Both the former and current US administrations have consistently maintained that the United States would not ratify the treaty establishing the Court. But the Bush administration has taken the rejection of the ICC to a whole new level, first announcing, in early May, that the US would not only not ratify the treaty but would also revoke its signature on it and then, on Sunday, vetoing a routine Security Council motion to extend UN peacekeeping efforts in Bosnia for an additional six months. The message that the veto is intended to give is as clear as it is unfortunate: the US will not participate in the quest for global justice so long as its citizens are as likely to be held accountable for international crimes as anyone else’s.

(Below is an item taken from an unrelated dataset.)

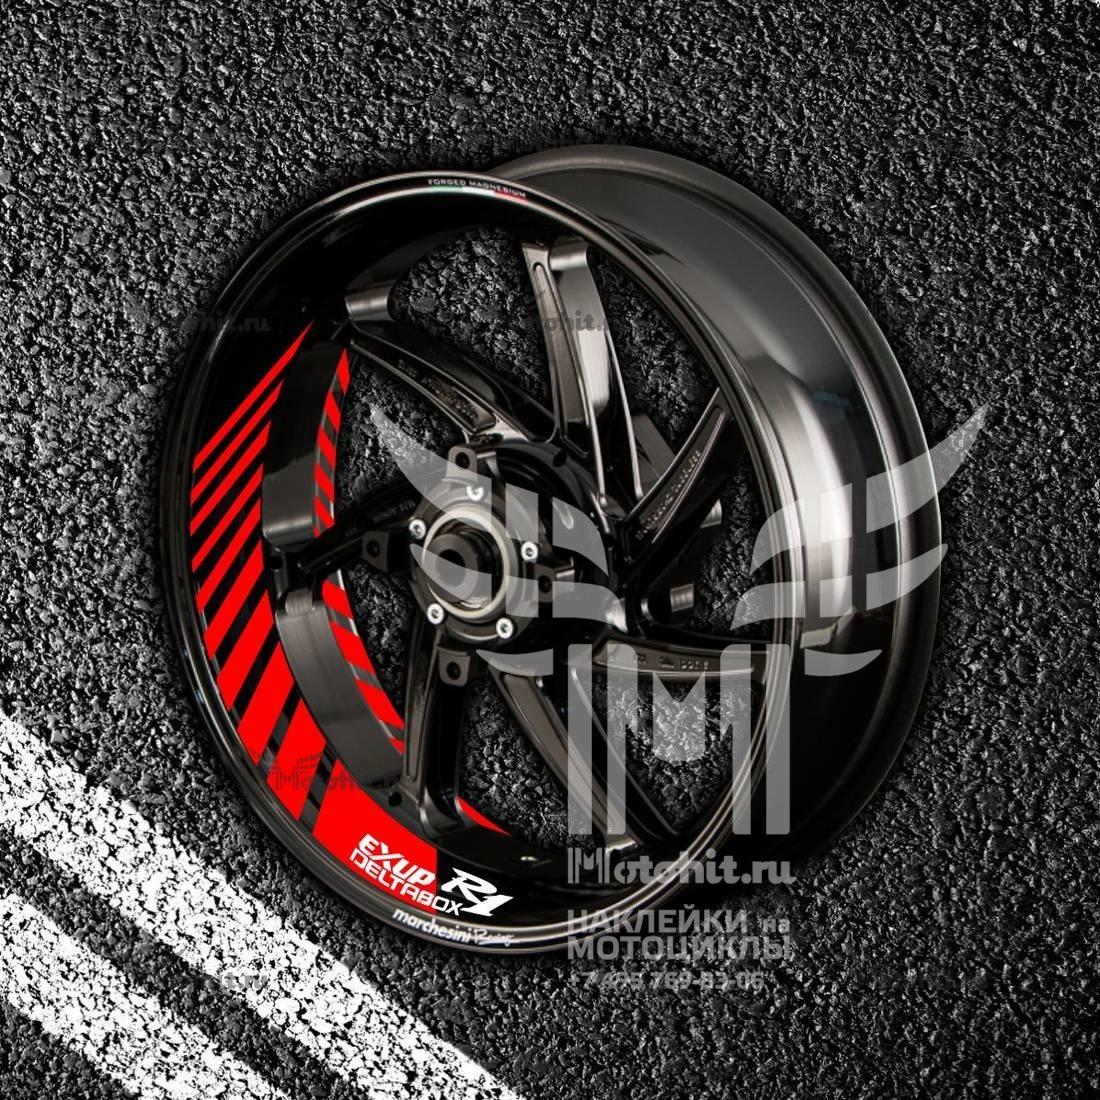 Комплект наклеек с полосами на колеса мотоцикла YAMAHA EXUP-DELTABOX-R1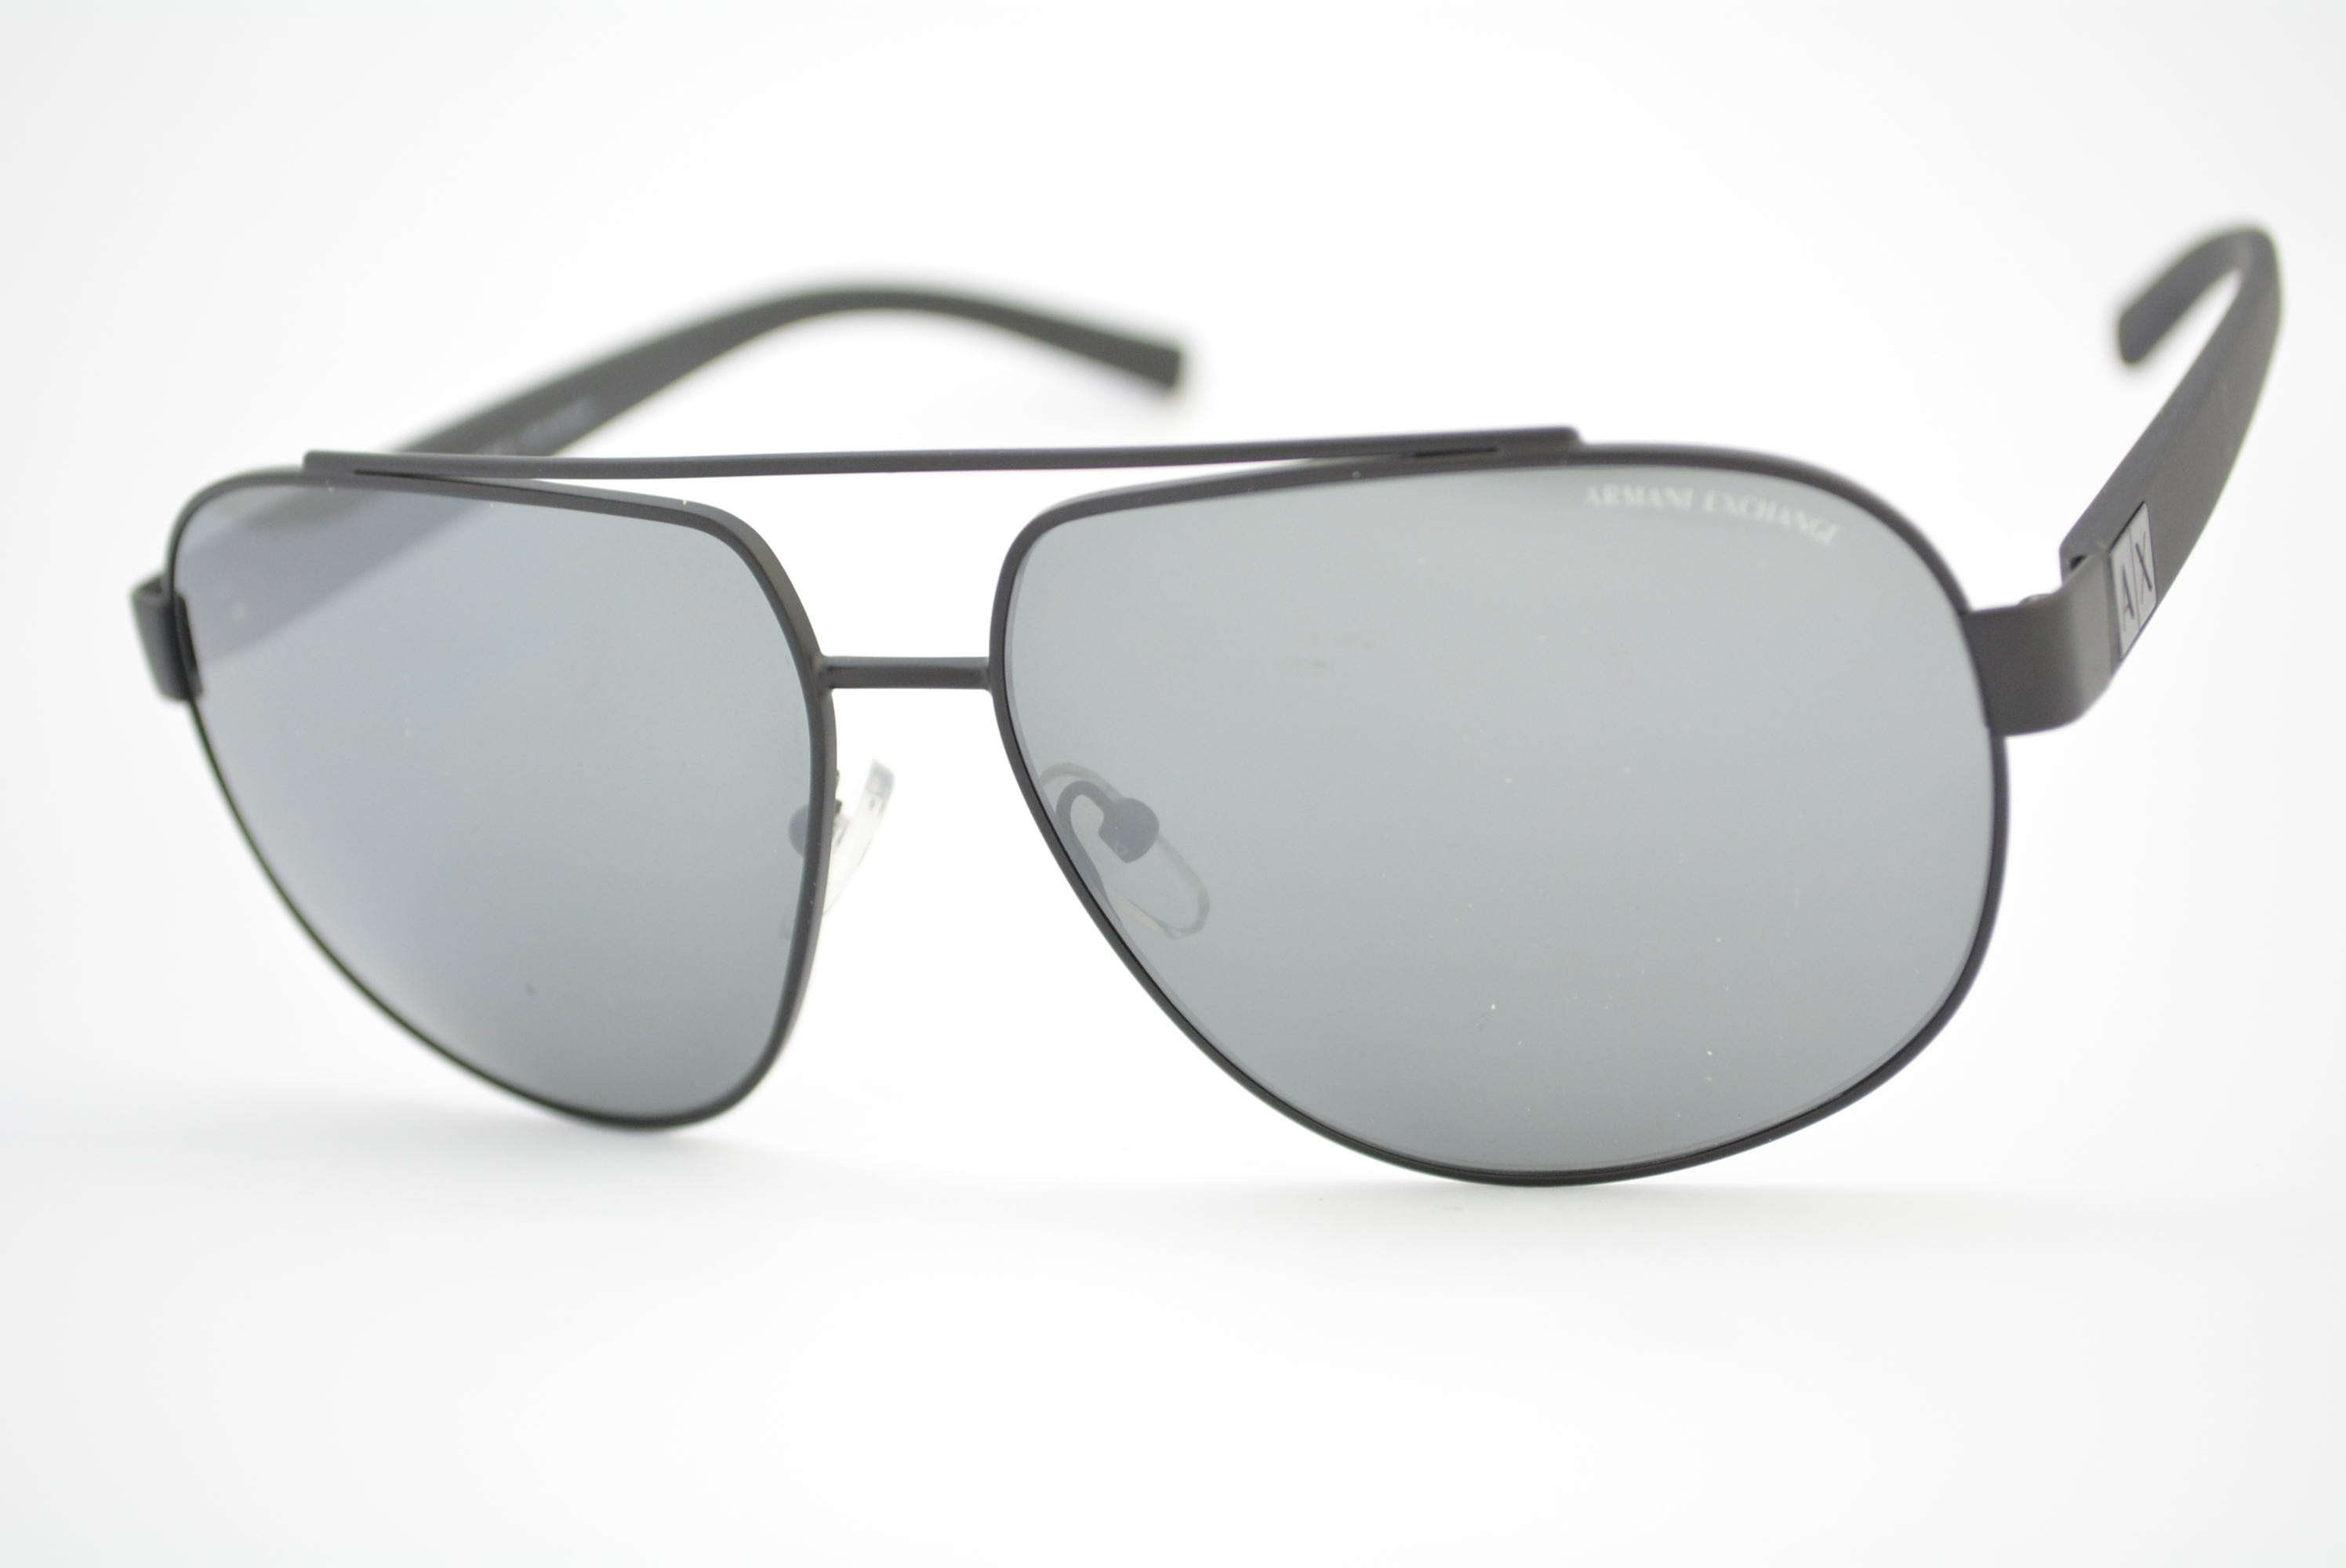 óculos de sol Armani Exchange mod ax2019sl 6063 6g Ótica Cardoso ebcc573e3a

This is indeed a regrettable development in the field of international cooperation. The ICC is the first permanent international court with a mandate to try those accused of war crimes, genocide and crimes against humanity. Individual countries always have the first opportunity to prosecute their own citizens for these crimes before they are brought before the Court.

While the US decision did not prevent the Court’s entry into force on Monday, which was guaranteed in April when the 60th ratification was received, it does mean, in the words of US Secretary of State Colin Powell, that the United States is “no longer bound in any way to its purpose and objective.” More importantly, the decision sets a dangerous precedent that may undermine prospects for multilateral cooperation in the name of human rights and international justice.

The United States, of course, is no stranger to accusations of exceptionalism. It has spurned a variety of virtually universal multilateral agreements relating to everything from arms control to the environment (most recently, it backed out of the Anti-Ballistic Missile Treaty and away from the Kyoto Protocol on climate control). But its decision to "unsign" the Rome Statute risks setting a precedent for other governments to either abandon their own multilateral commitments, or to undertake future commitments without any intention of substantively following through. For an international community that still relies more heavily on shared norms of right conduct - and on multilateral enforcement regimes - than on supranational law, the risk is considerable.

For the US, the risk is also considerable. Whether or not the political strain between the United States and its allies who support the ICC will hinder ongoing efforts to expand a global coalition against terrorism, the decision will retard (if not undermine) a growing faith in multilateral solutions to the problems that affect us all.

As the world's sole remaining superpower, the US may now find itself in a position from which it can afford to opt out of widely accepted multilateral regimes. If history has taught us anything, however, it is that sustained, effective international leadership requires active participation in international regimes.


Geoffrey Pearson is the National President of the United Nations Association in Canada.